43. While this case was decided before the Constitution of Kenya 2010 was promulgated, many cases in the Post-2010 era have found the reasoning sound and provided justification and rationale for the doctrine under the 2010 Constitution. We can do no better in this regard than cite another Court of Appeal decision which provides the Constitutional rationale and basis for the doctrine. This is Geoffrey Muthiga Kabiru & 2 others – vs- Samuel Munga Henry & 1756 others [2015] eKLR, where the Court of Appeal stated that:
It is imperative that where a dispute resolution mechanism exists outside Courts, the same be exhausted before the jurisdiction of the Courts is invoked. Courts ought to be fora of last resort and not the first port of call the moment a storm brews…The exhaustion doctrine is a sound one and serves the purpose of ensuring that there is a postponement of judicial consideration of matters to ensure that a party is first of all diligent in the protection of his own interest within the mechanisms in place for resolution outside the Courts. The Ex Parte Applicants argue that this accords with Article 159 of the Constitution which commands Courts to encourage alternative means of dispute resolution.
37. The Court also dealt with the exceptions to the doctrine of exhaustion. It expressed itself as follows: -
59. However, our case law has developed a number of exceptions to the doctrine of exhaustion. In R. vs Independent Electoral and Boundaries Commission (I.E.B.C.) & Others ex parte The National Super Alliance Kenya (NASA) (supra), after exhaustively reviewing Kenya's decisional law on the exhaustion doctrine, the High Court described the first exception thus:
What emerges from our jurisprudence in these cases are at least two principles: while, exceptions to the exhaustion requirement are not clearly delineated, Courts must undertake an extensive analysis of the facts, regulatory scheme involved, the nature of the interests involved – including level of public interest involved and the polycentricity of the issue (and hence the ability of a statutory forum to balance them) to determine whether an exception applies. As the Court of Appeal acknowledged in the Shikara Limited Case (supra), the High Court may, in exceptional circumstances, find that exhaustion requirement would not serve the values enshrined in the Constitution or law and permit the suit to proceed before it. This exception to the exhaustion requirement is particularly likely where a party pleads issues that verge on Constitutional interpretation especially in virgin areas or where an important constitutional value is at stake. See also Moffat Kamau and 9 Others vs Aelous (K) Ltd and 9 Others.)
60. As observed above, the first principle is that the High Court may, in exceptional circumstances consider, and determine that the exhaustion requirement would not serve the values enshrined in the Constitution or law and allow the suit to proceed before it. It is also essential for the Court to consider the suitability of the appeal mechanism available in the context of the particular case and determine whether it is suitable to determine the issues raised.
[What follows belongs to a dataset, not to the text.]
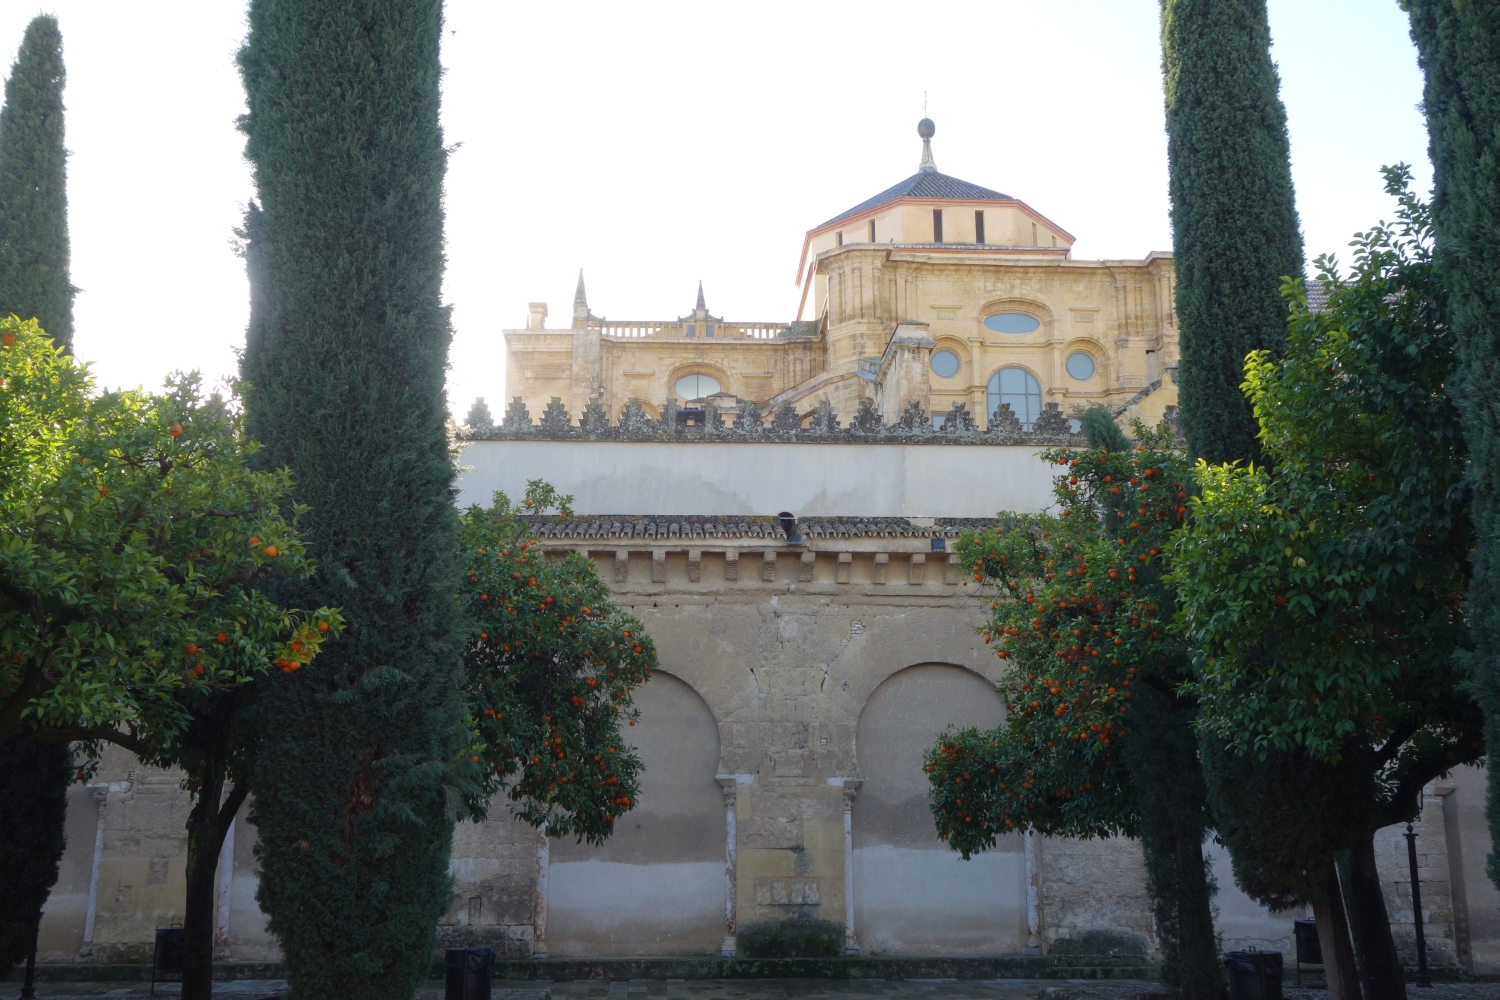 View within Patio de las Naranjas (Court of the Oranges)
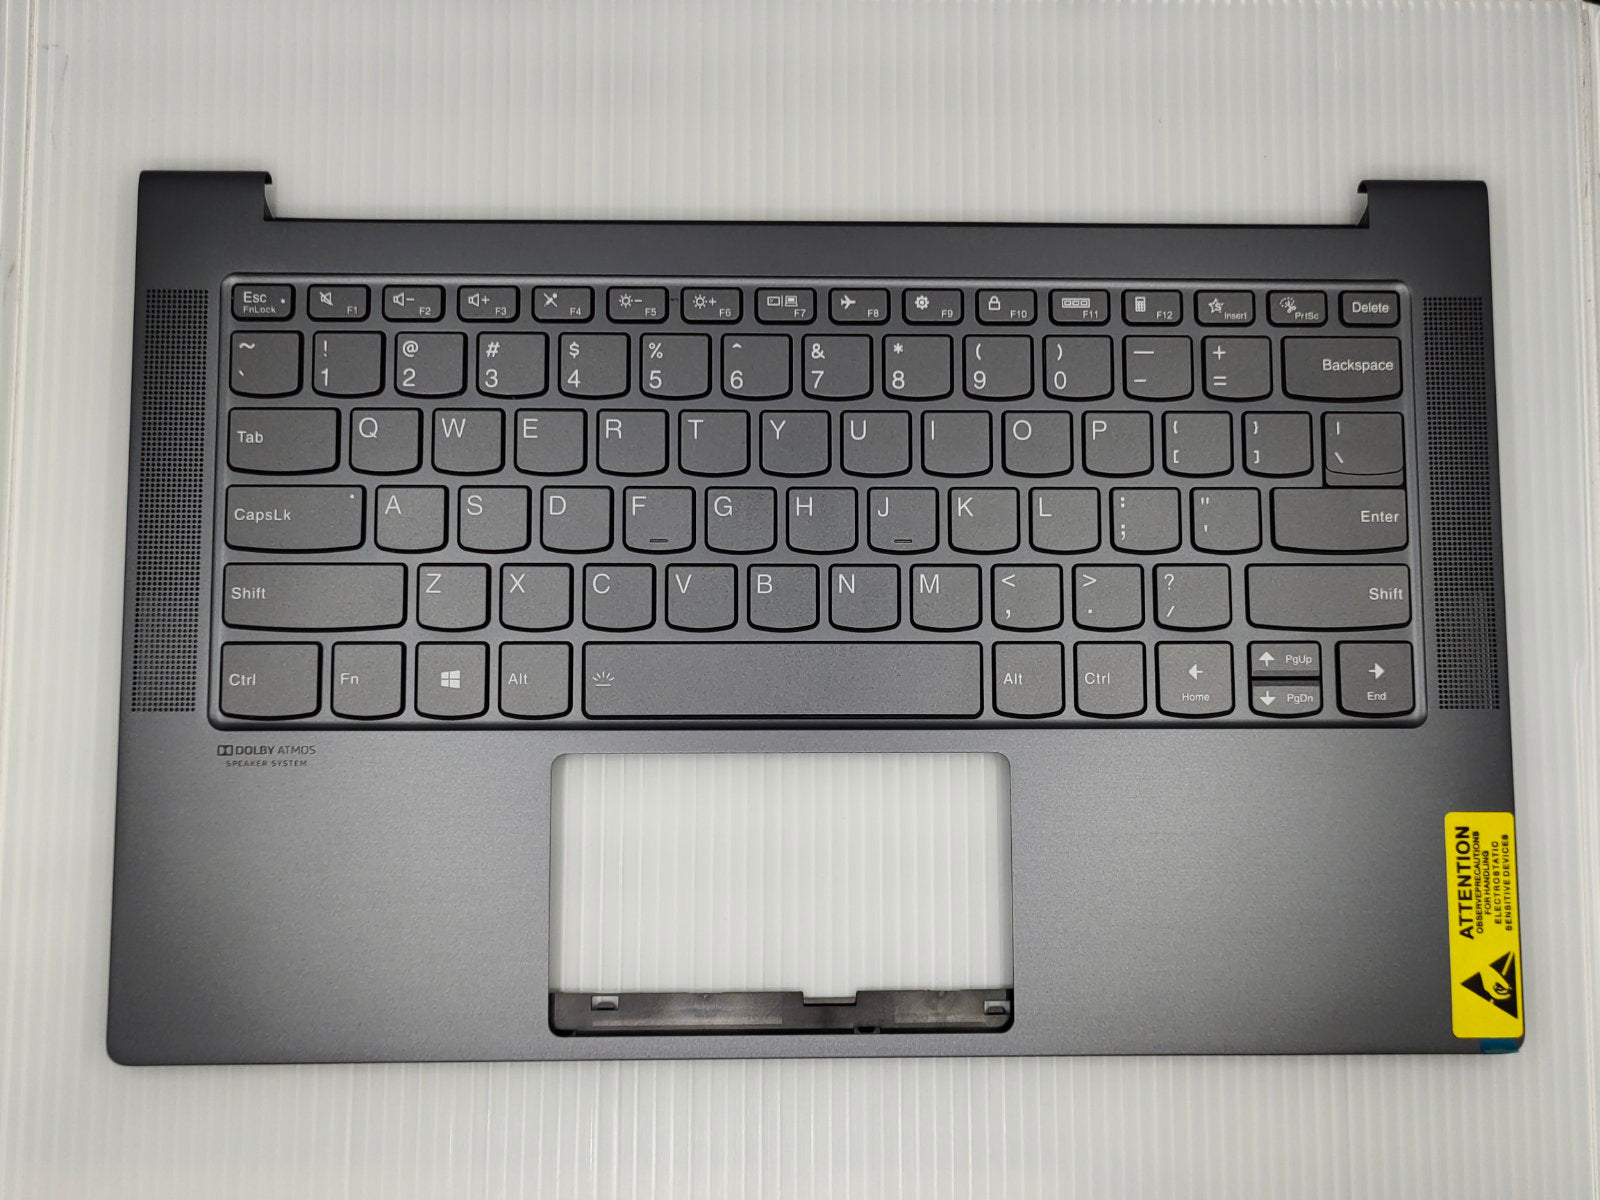 Replacement Keyboard Module for Lenovo Yoga Slim 7-141TL05 WL

61. The second principle is that the jurisdiction of the Courts to consider valid grievances from parties who lack adequate audience before a forum created by a statute, or who may not have the quality of audience before the forum which is proportionate to the interests the party wishes to advance in a suit must not be ousted. The rationale behind this precept is that statutory provisions ousting Court’s jurisdiction must be construed restrictively. This was extensively elaborated by Mativo J in Night Rose Cosmetics (1972) Ltd v Nairobi County Government & 2 others [2018] eKLR.
62. In the instant case, the Petitioners allege violation of their fundamental rights. Where a suit primarily seeks to enforce fundamental rights and freedoms and it is demonstrated that the claimed constitutional violations are not mere “bootstraps” or merely framed in Bill of Rights language as a pretext to gain entry to the Court, it is not barred by the doctrine of exhaustion. This is especially so because the enforcement of fundamental rights or freedoms is a question which can only be determined by the High Court.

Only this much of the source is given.